PartnerRe, the reinsurance firm acquired by the Italian conglomerate EXOR, reported a fourth-quarter net loss as it suffered significant investment losses on fixed income securities following on from the increase in U.S. risk-free rates.
The increase in risk-free rates was expected to negatively impact some reinsurers in late 2016, although to date the impact appears marginal for most. PartnerRe, due to the composition of its investment portfolio has suffered more than most, bringing it to a quarterly loss.
A -1.9% return on the PartnerRe investment portfolio in the quarter reflects a $312 million net investment loss “largely driven by the realized and unrealized investment losses of $388 million, partially offset by net investment income of $105 million.”
The reinsurer explained; “The negative total net investment return in the fourth quarter of 2016 was primarily generated by fixed income securities, driven by the significant increase in U.S. risk-free rates (85 basis points on the 10-year US Treasury in the quarter), partially offset by narrowing credit spreads.”
The impact of the investment loss is a net loss of $191 million for the fourth-quarter of 2016, with negative return on equity of -12.4%.
The fourth-quarter saw impacts from hurricane Matthew and other attritional catastrophe and weather events, which meant that operating earnings were $151 million, down from $206 million in the prior year quarter.
PartnerRe President and Chief Executive Officer Emmanuel Clarke, commented; “We delivered good operating results in the fourth quarter with an annualized adjusted Operating ROE of 9.8%. The Non-life combined ratio of 89.6%, notwithstanding losses related to Hurricane Matthew, highlights our underwriting discipline while favorable prior year development continues to remain strong.

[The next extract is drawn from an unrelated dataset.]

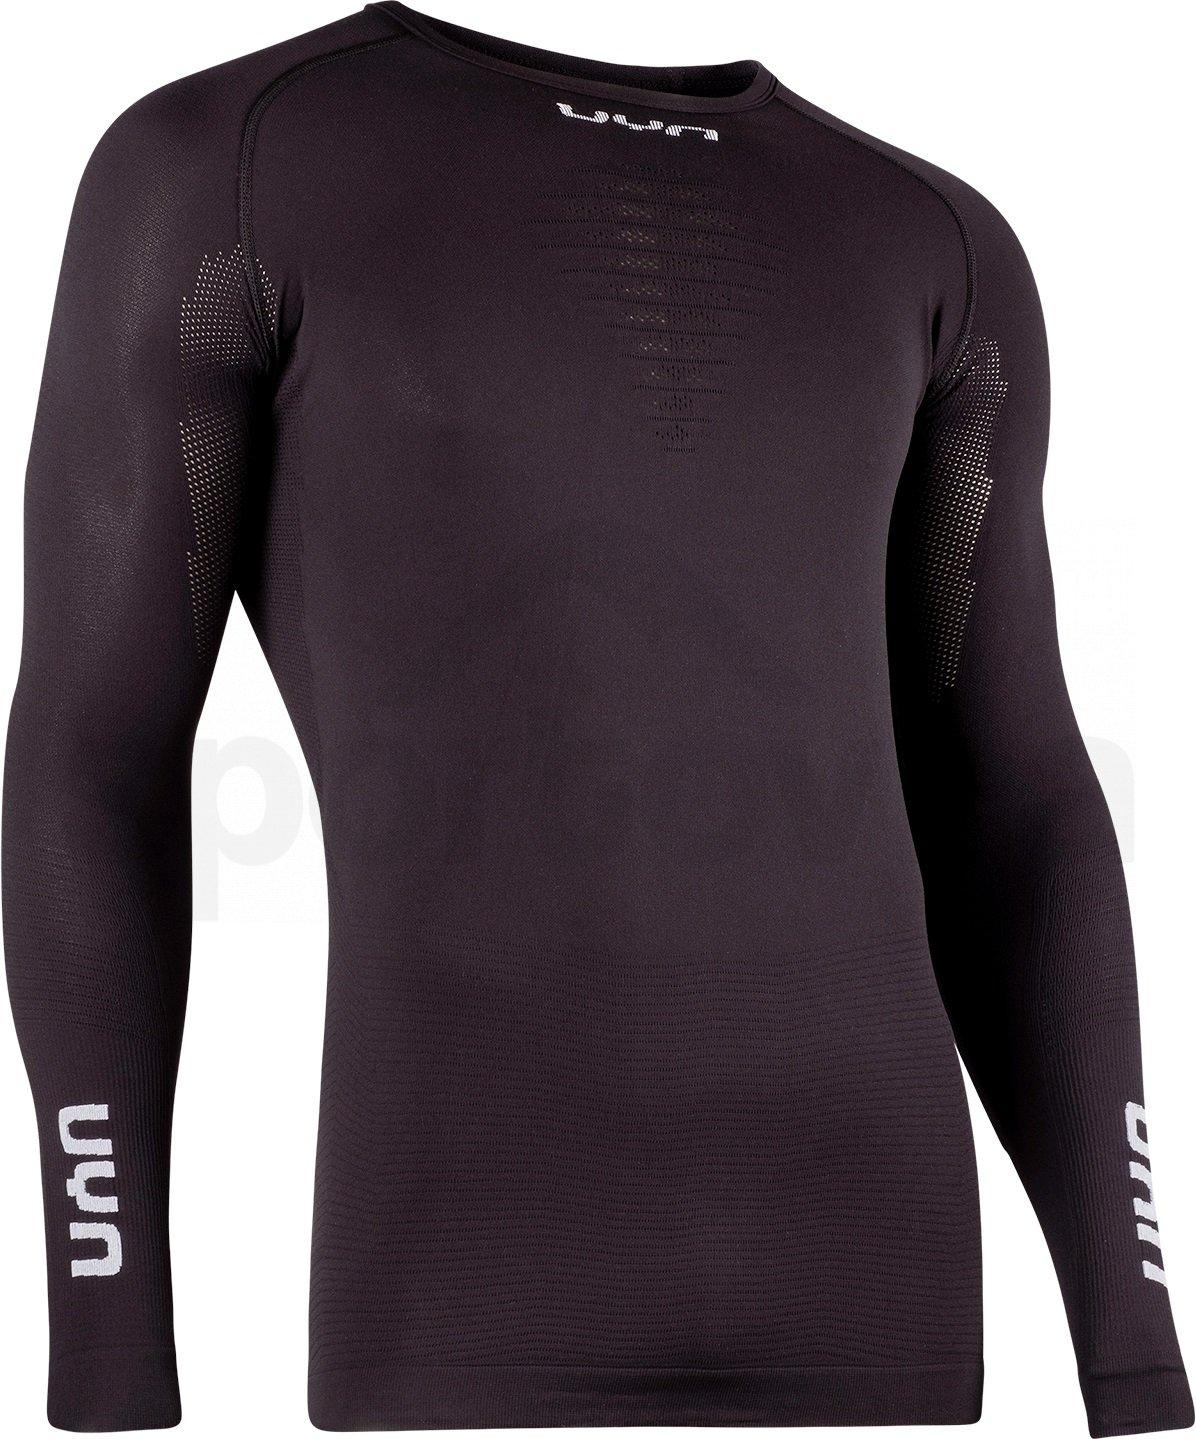 Tričko Uyn Energyon UW Shirt Long Sl. M - černá
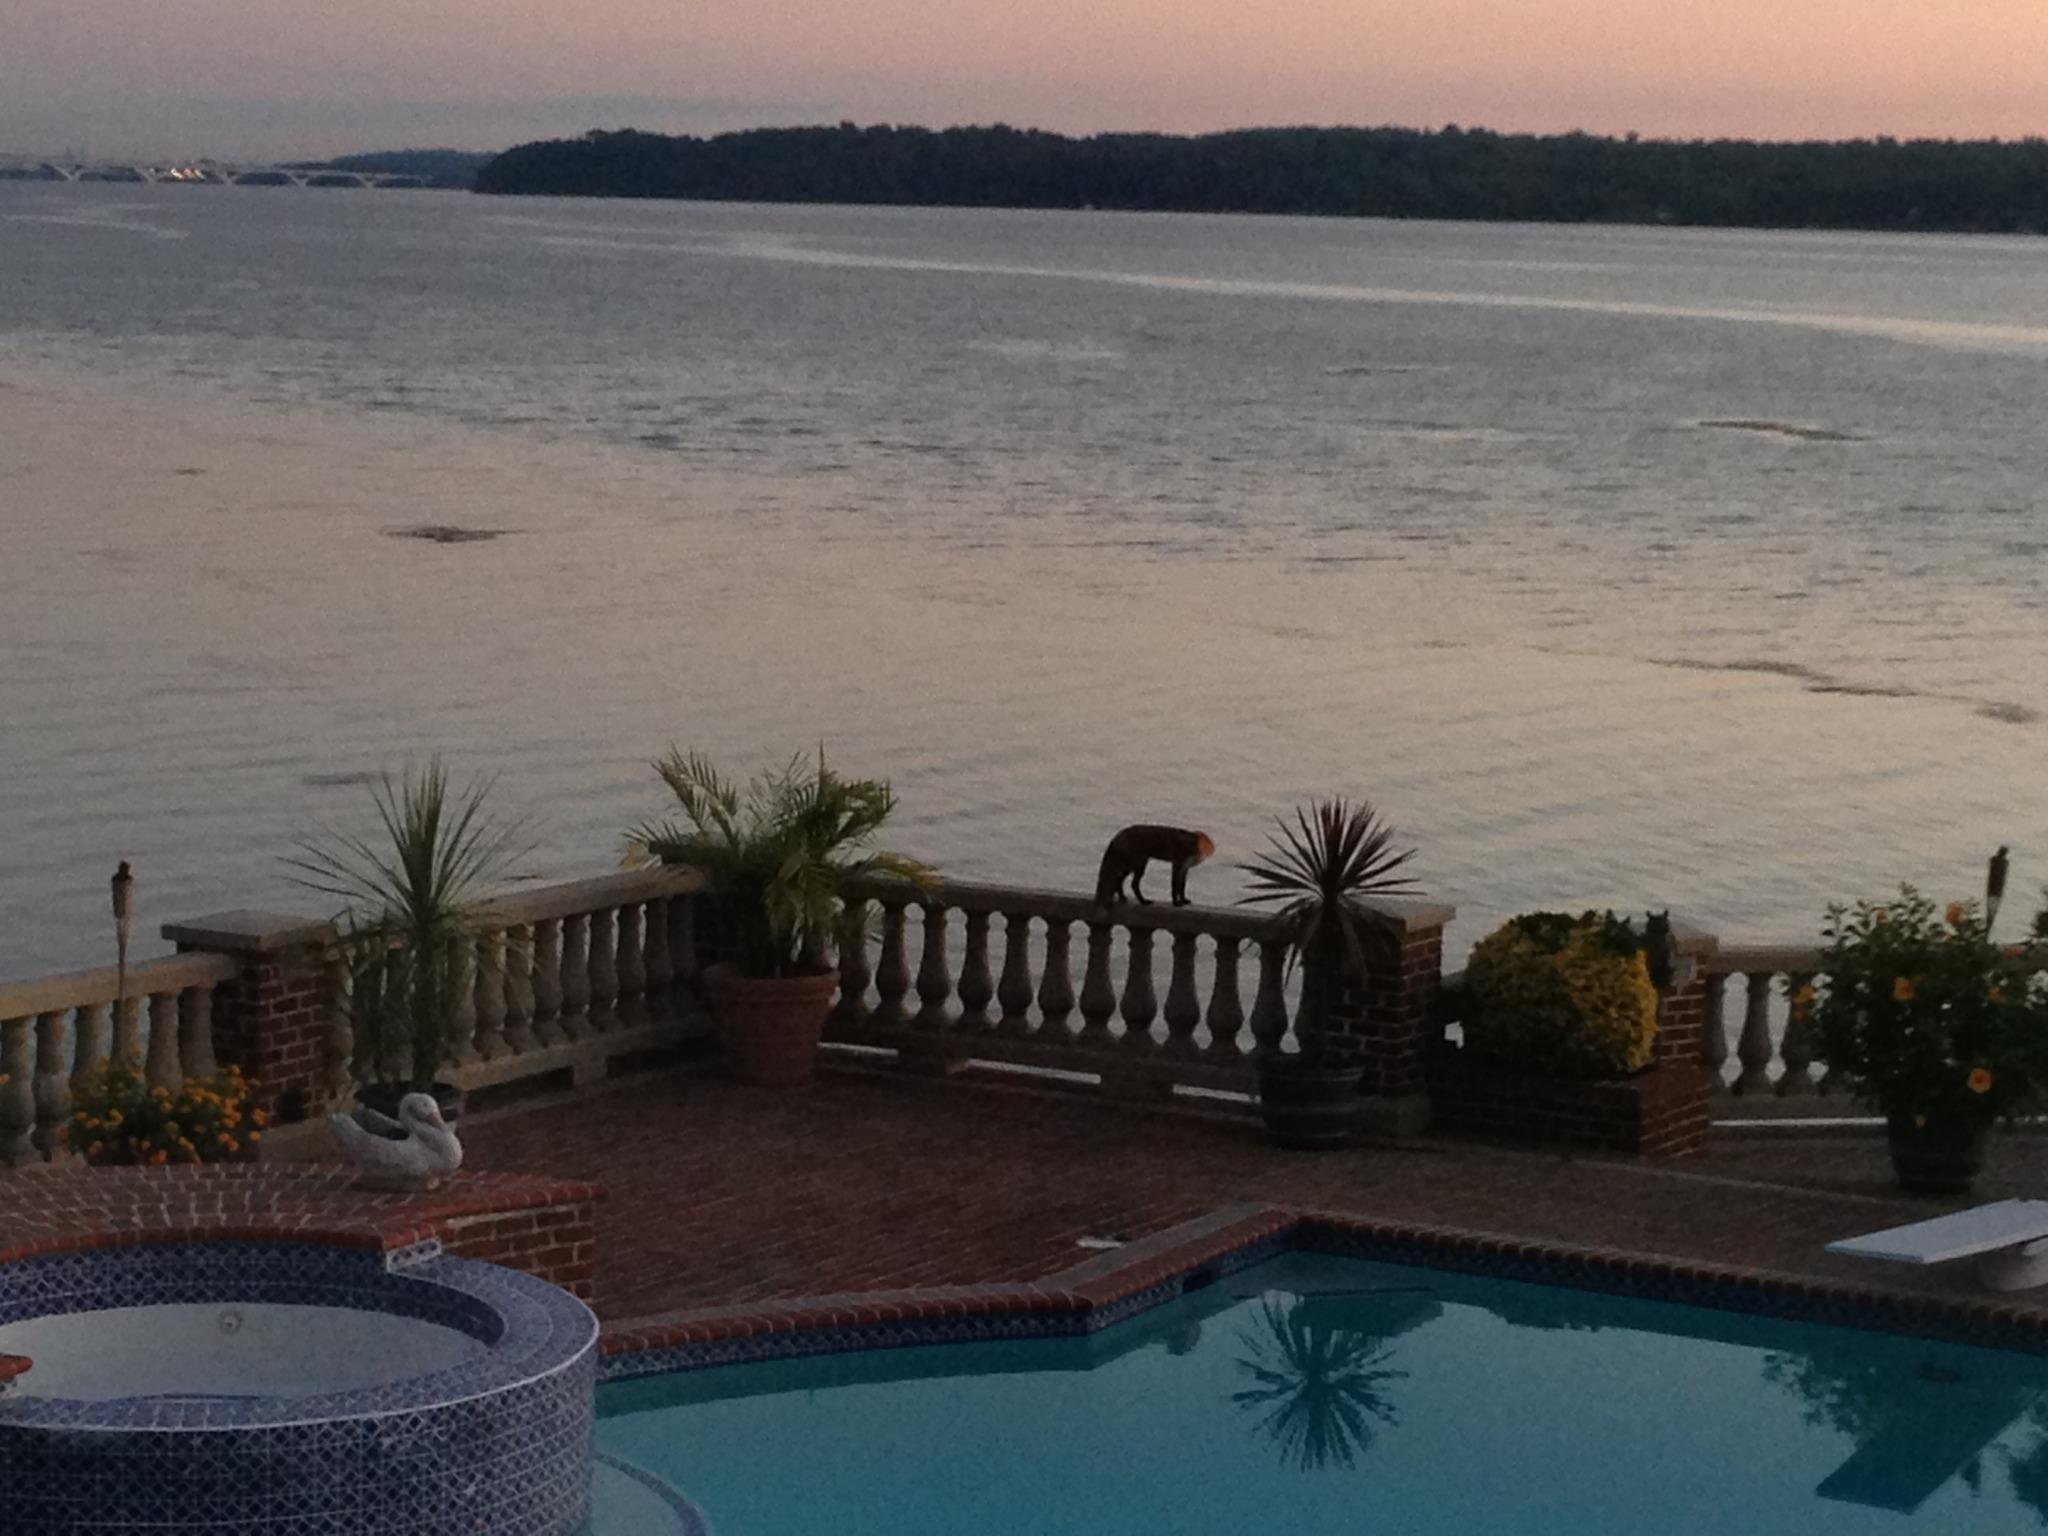 Chris Sendi - Puppy wolf by the pool

In the current market conditions, we are undertaking the right underwriting actions to better serve our core clients while preserving our long-term capital strength.”
But look beyond the investment loss and PartnerRe’s performance across the full-year 2016 shows a significant improvement over the prior year, with net income of $447 million up significantly from just $107 million in 2015.
The reinsurer is perhaps the first to show such a major impact from the increase in U.S. rates, but given the construction of its investment portfolio that will have been unavoidable and some companies were always going to be hit as rates rose.